To put this information into a spreadsheet, you could try formatting it as comma-separated values (CSV), discussed in Chapter 18 of Automate the Boring Stuff with Python.

To do so, you need to write a regex to pass to the re.sub() function. Each speaker line consists of four spaces (which we want to remove), followed by the speaker name, then a space (which we want to replace with a comma) and one or more digits at the end of the line. Write the code that changes the string in speakers to this:

A Bessas,1
A Bingham,1
A Cuni,3
A Garassino,1
A Jesse Jiryu Davis,13
A Kanterakis,1
--snip--

The speaker names have different widths, and some include non-English characters. To accommodate this, your regex will need to capture the speaker name in a group with (.*), then store it in the \1 back reference. The number of talks the speaker has given can be a varying number of digits but always comes at the end of the line. So, you can use the $ regex character to match it.

Once you’ve put the entire string in CSV format, you can place the text in a text file and save it as speakers.csv. Excel, Google Sheets, and other spreadsheet applications can then structure the speaker name and number of talks into separate columns to make further sorting and processing easier. Note that some of the speaker names have commas in them, which will make some rows in the CSV file contain more than two columns. This is fine for our purposes.

Save this program in a file named pyconSpeakers.py. When you run the program, the speakers.csv file it creates should have a column of speakers and how many talks they’ve given.

Laugh Score

We can scientifically measure how funny a joke is based on the length of the text-based laughing response. For example, a joke that elicits the response “Hahaha” is objectively funnier than a joke that gets only a “Haha” response. A joke that provokes a “HAHAaaHAhhAHAHA” response is a very funny joke. (On a personal note, I’ve never understood humor, and no one has ever said I am funny, but that doesn’t matter now that I have software to understand humor for me.)

Let’s write a function called laugh_score(laugh) that uses a regular expression to identify and measure the length of laughing specified by the laugh string argument. A text-based laugh is defined as beginning with ha, then consisting of any number of consecutive h or a characters. Both lowercase and uppercase characters are acceptable. If there are multiple laughs in a string, count only the first one.

To write the function, you can complete the following template:

import re

def laugh_score(laugh):
    # YOUR CODE GOES HERE

assert laugh_score('abcdefg') == 0
assert laugh_score('h') == 0
assert laugh_score('ha') == 2
assert laugh_score('HA') == 2
assert laugh_score('hahaha') == 6
assert laugh_score('ha ha ha') == 2
assert laugh_score('haaaaa') == 6
assert laugh_score('ahaha') == 4
assert laugh_score('Harry said Hahaha') == 2

Save this function in a file named laughScore.py.

Word Twister—ordW wisterT

Write a program that “twists” the words in a string. For example, calling twist_words('Hello world! How are you?

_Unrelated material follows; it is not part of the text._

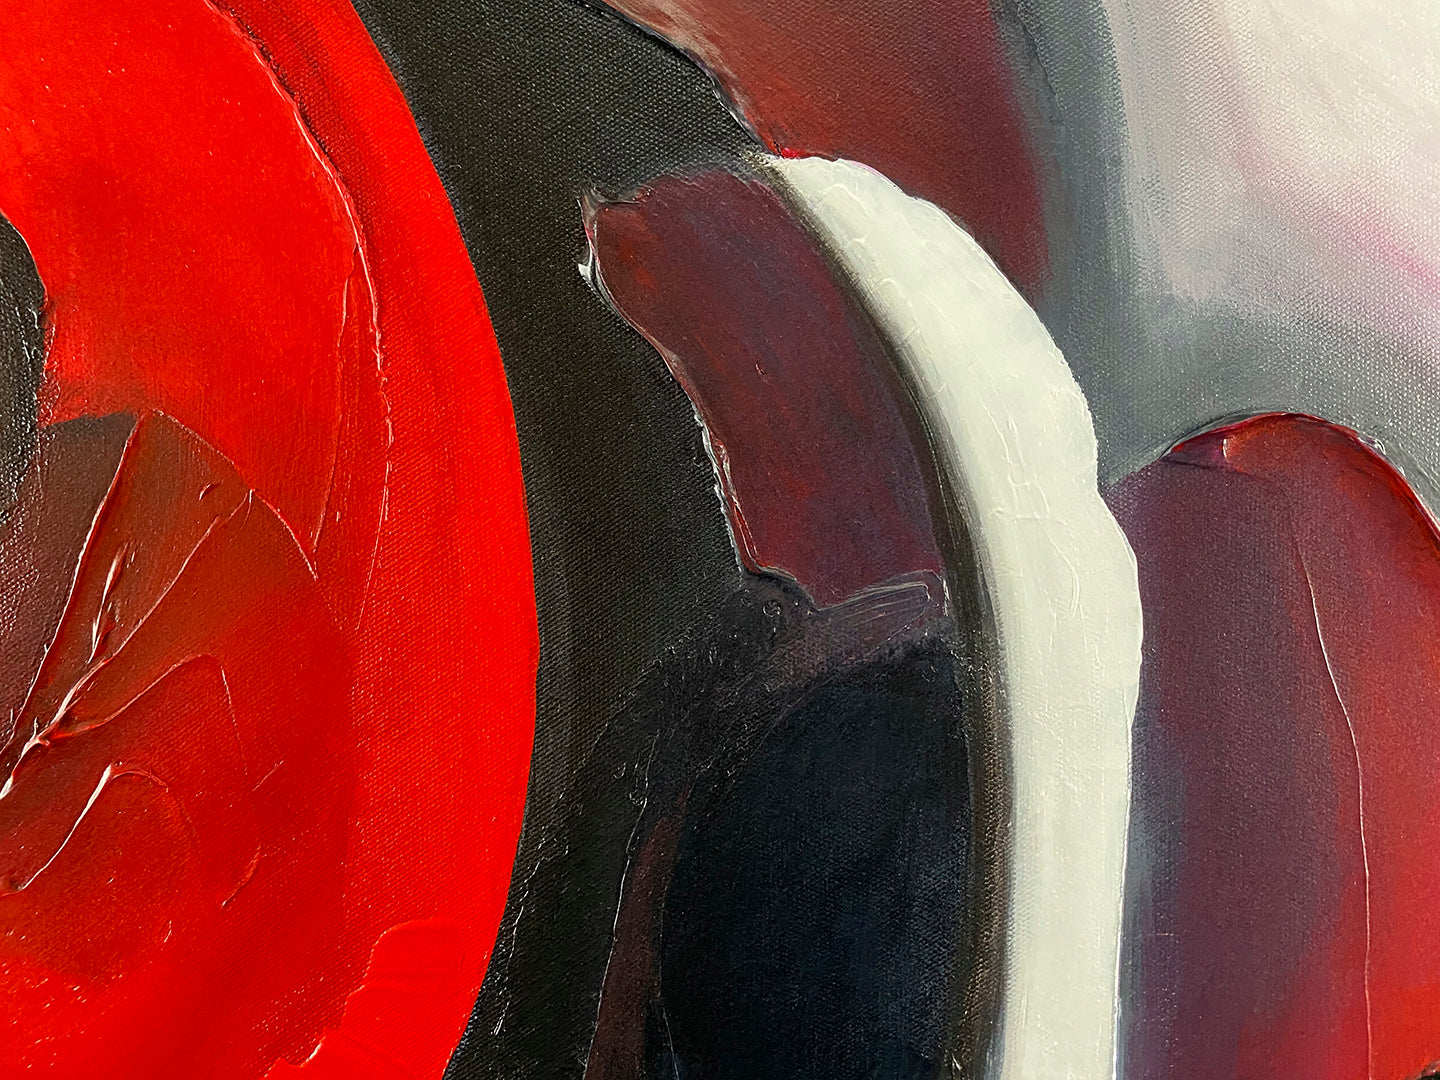 Abstract, acrylic and mixed-media painting close-up 1. texture paste, red, black, grey, and white acrylic paint on round canvas with curved-edges

I am fine.') returns 'oHell dworl! wHo ear uyo? I ma efin.' To do so, the sub() method for Pattern objects can move the last letter of every word in a string to the front of the word.

As arguments, the sub() method accepts a regex of the pattern to match, a string to replace the matches with, and the string to search for matches. Your regex should use the \b shorthand character class for word boundaries. For example, the regex \b[AEIOUaeiou]\w*\b would match every word that begins with an uppercase or lowercase vowel.

The regex should also use parentheses to put the first letter of each word in one group and the remaining letters in a second group. This way, the second argument can include the \1 and \2 back references to reorder these two groups.

Your code needs to be only three lines long:

import re
pattern = re.compile(r'THE_REGEX')
print(pattern.sub(r'REPLACEMENT', 'Hello world! How are you? I am fine.'))

Save this program in a file named wordTwister.py.